» **Collected material**:

• • • • •

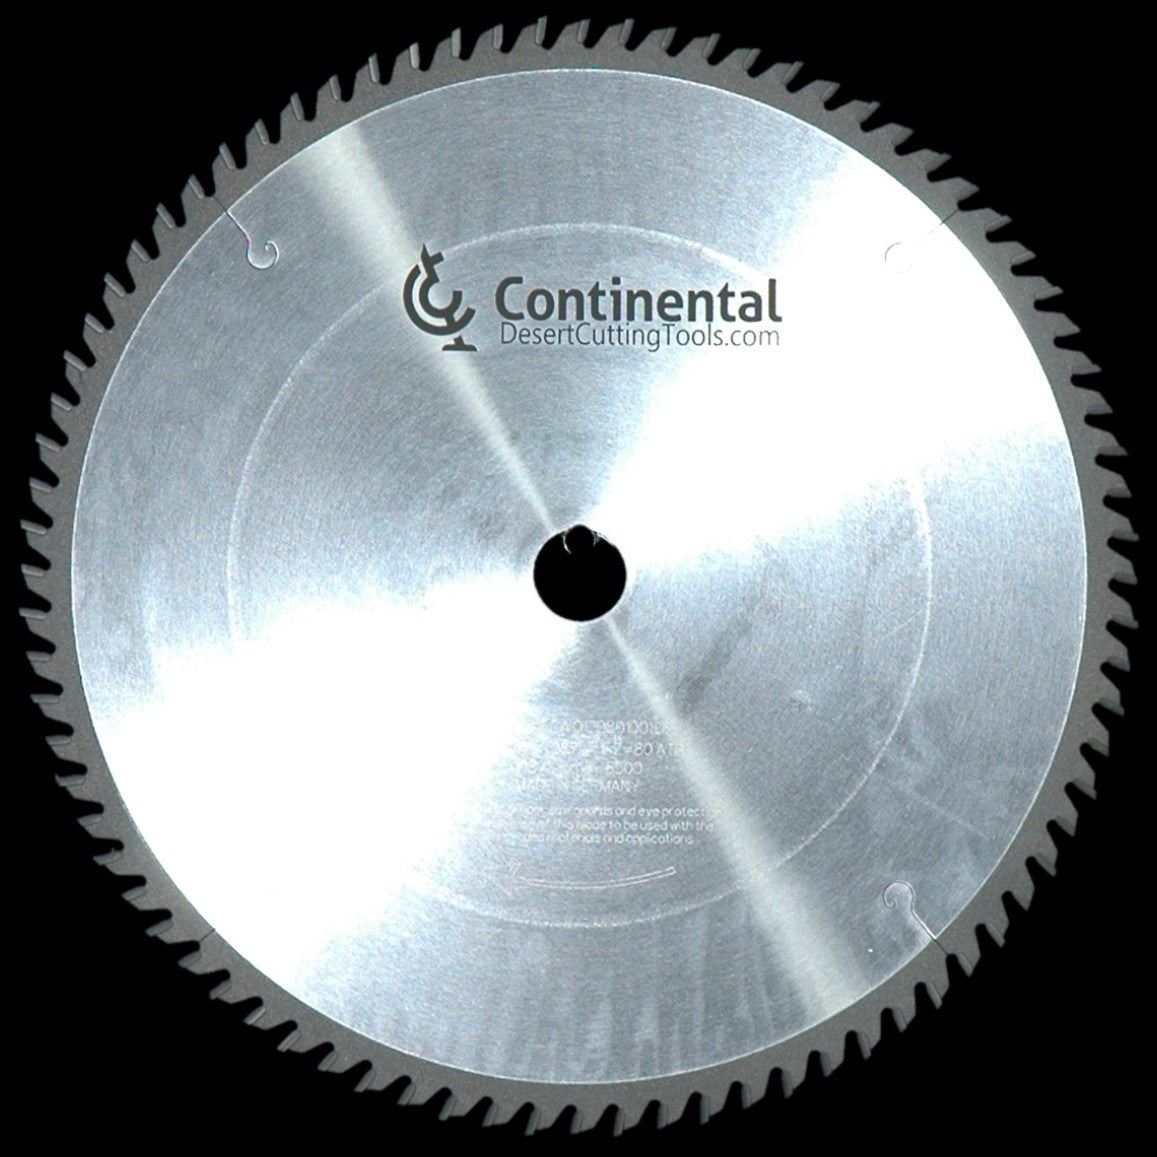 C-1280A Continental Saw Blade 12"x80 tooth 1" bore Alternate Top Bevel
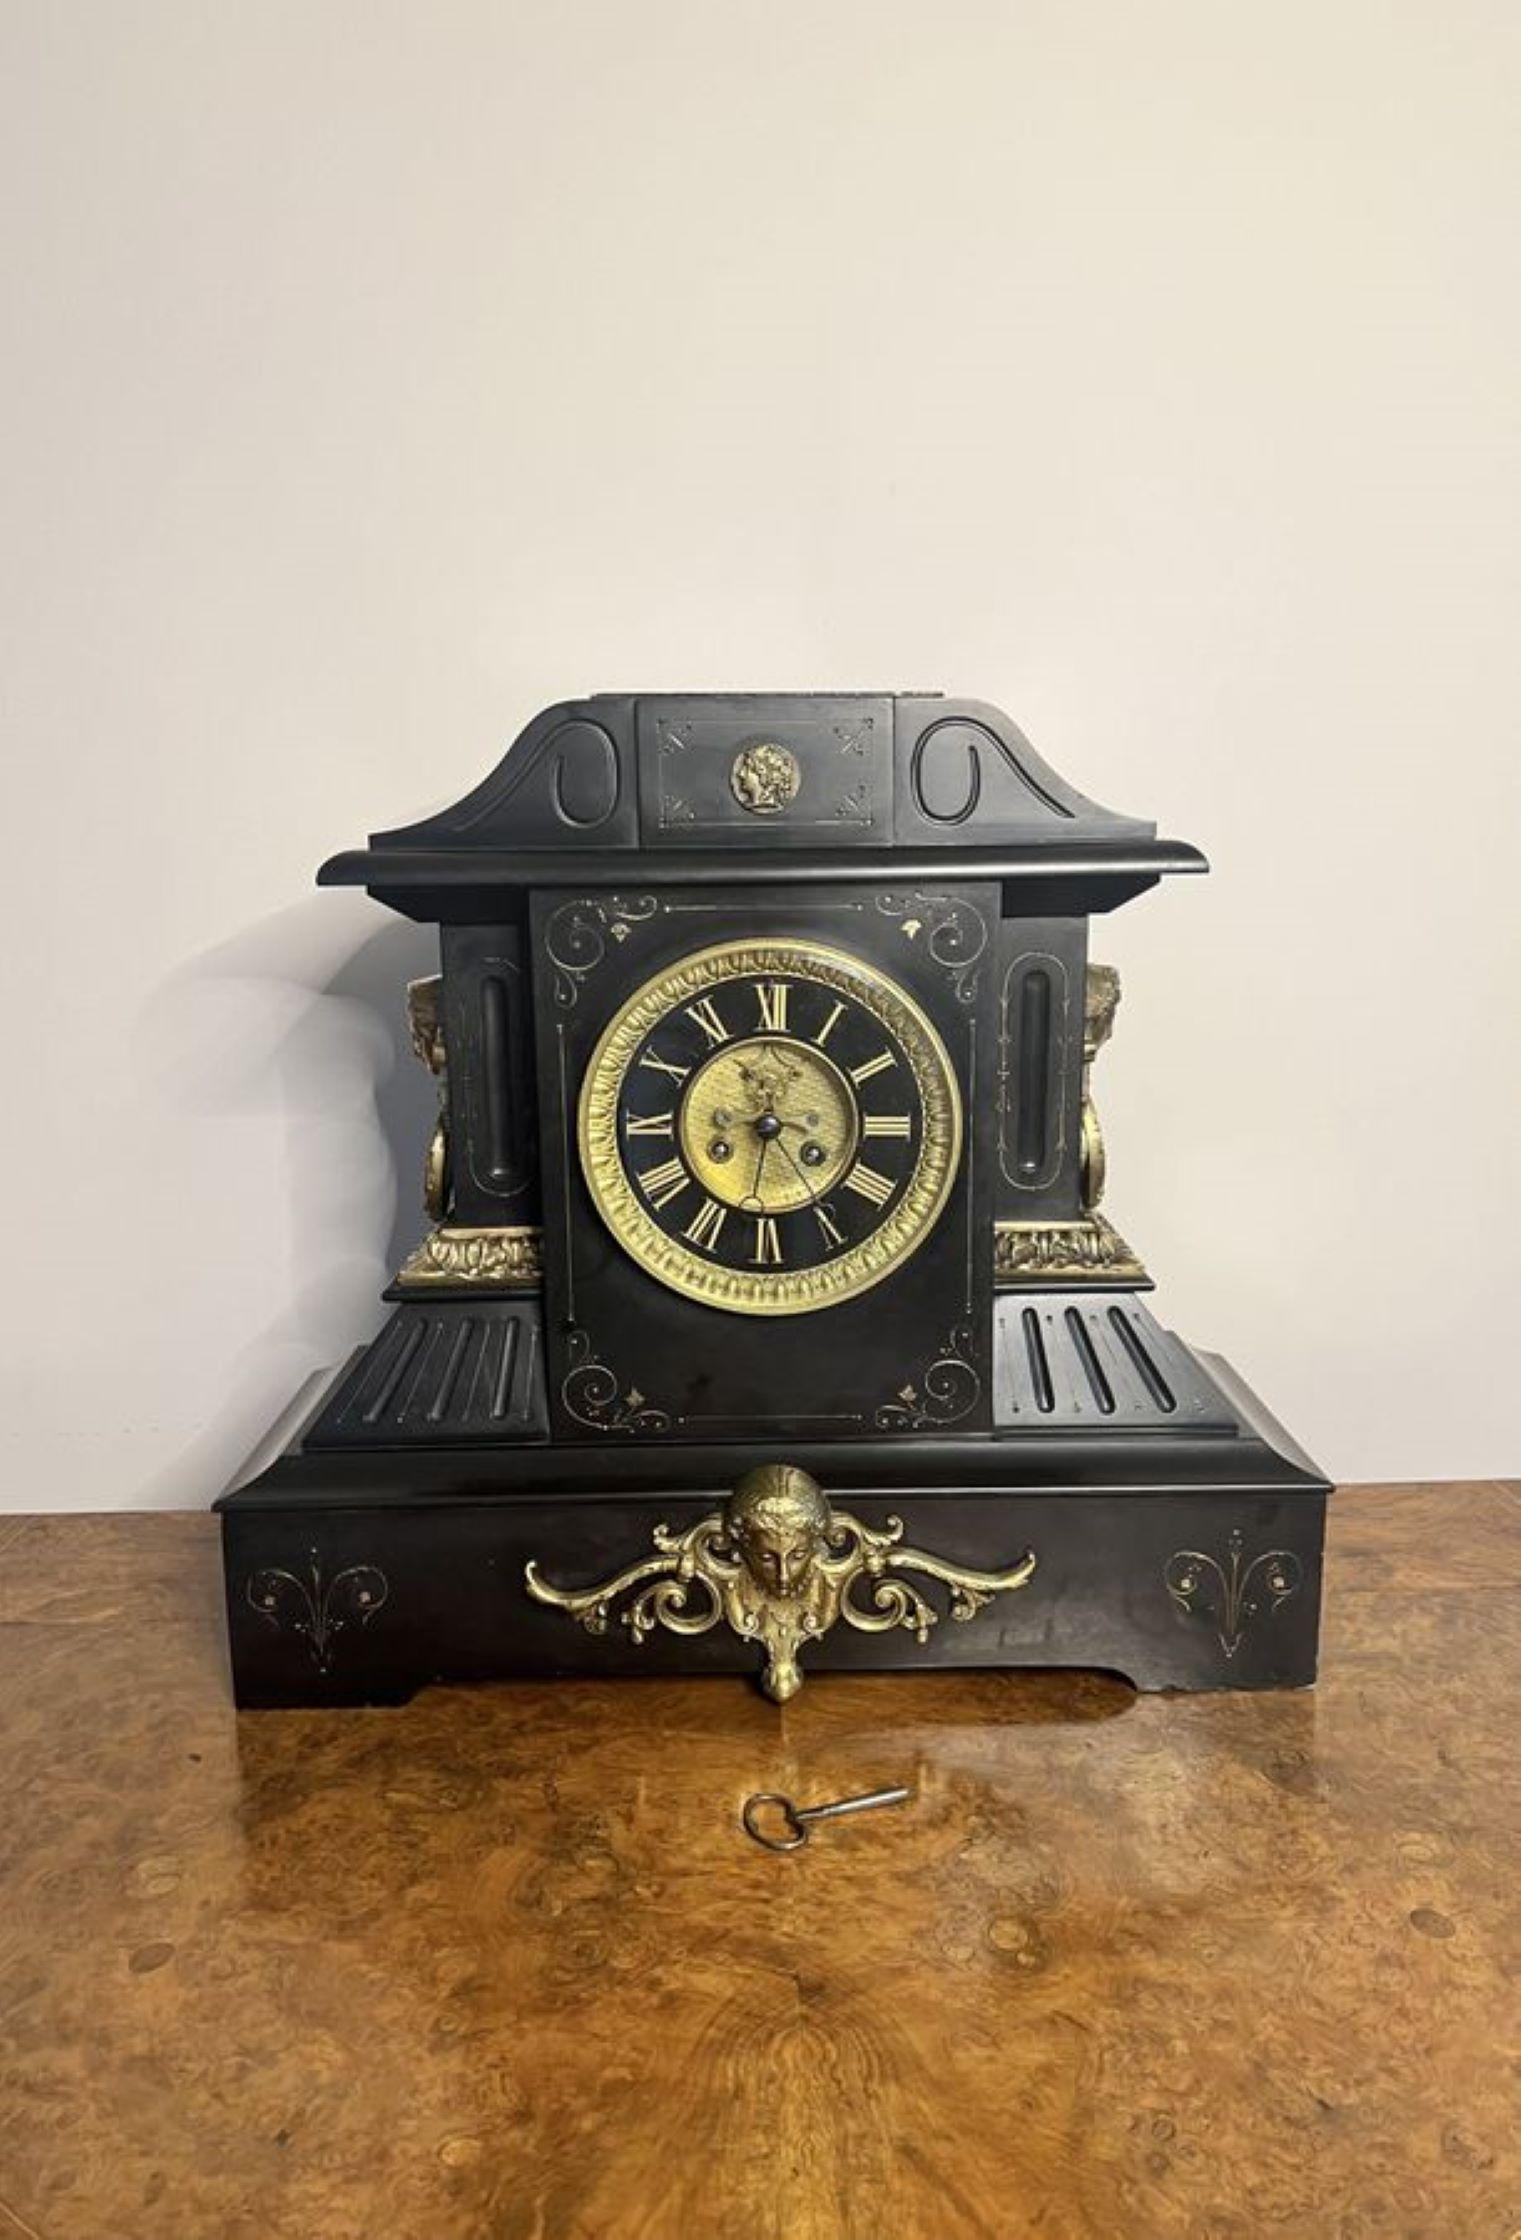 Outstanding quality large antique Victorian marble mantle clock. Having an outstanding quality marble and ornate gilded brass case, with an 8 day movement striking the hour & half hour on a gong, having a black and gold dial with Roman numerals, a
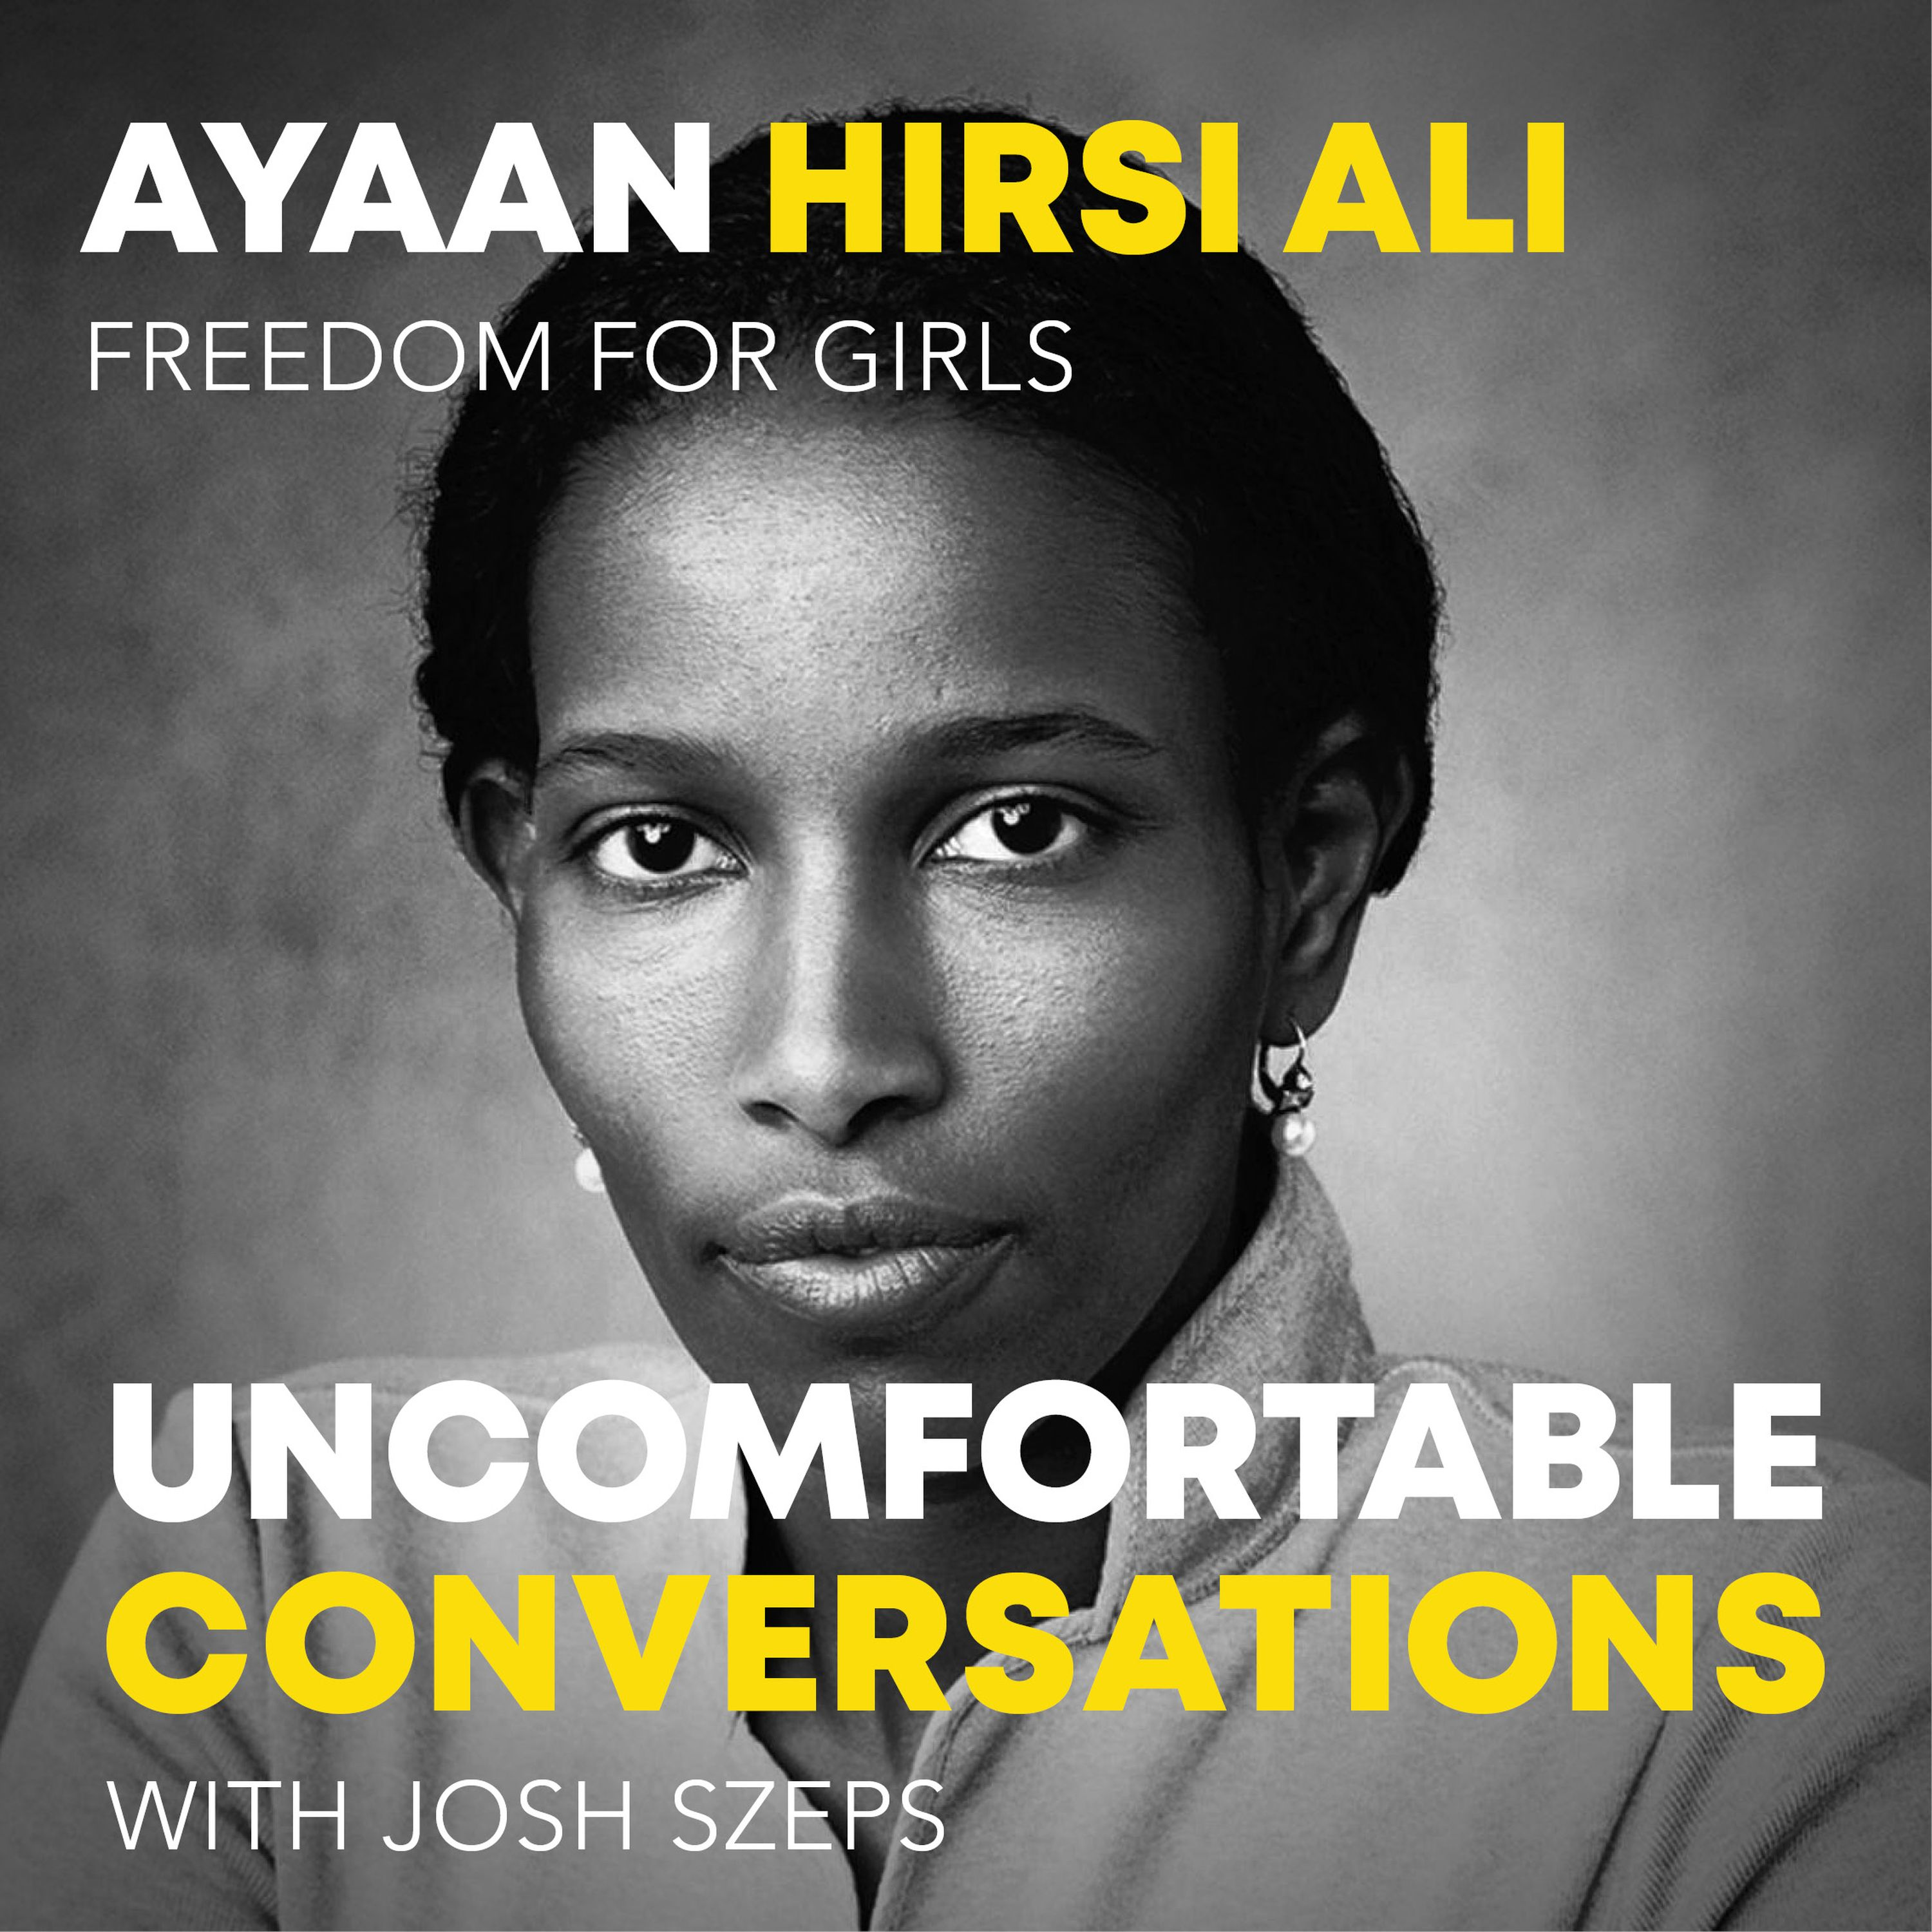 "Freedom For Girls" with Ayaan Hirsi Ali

• • • • •

Every line of the material must be returned exactly; leave the images out.

 C-1280A Continental Saw Blade 12"x80 tooth 1" bore Alternate Top Bevel
 Outstanding quality large antique Victorian marble mantle clock. Having an outstanding quality marble and ornate gilded brass case, with an 8 day movement striking the hour & half hour on a gong, having a black and gold dial with Roman numerals, a
 "Freedom For Girls" with Ayaan Hirsi Ali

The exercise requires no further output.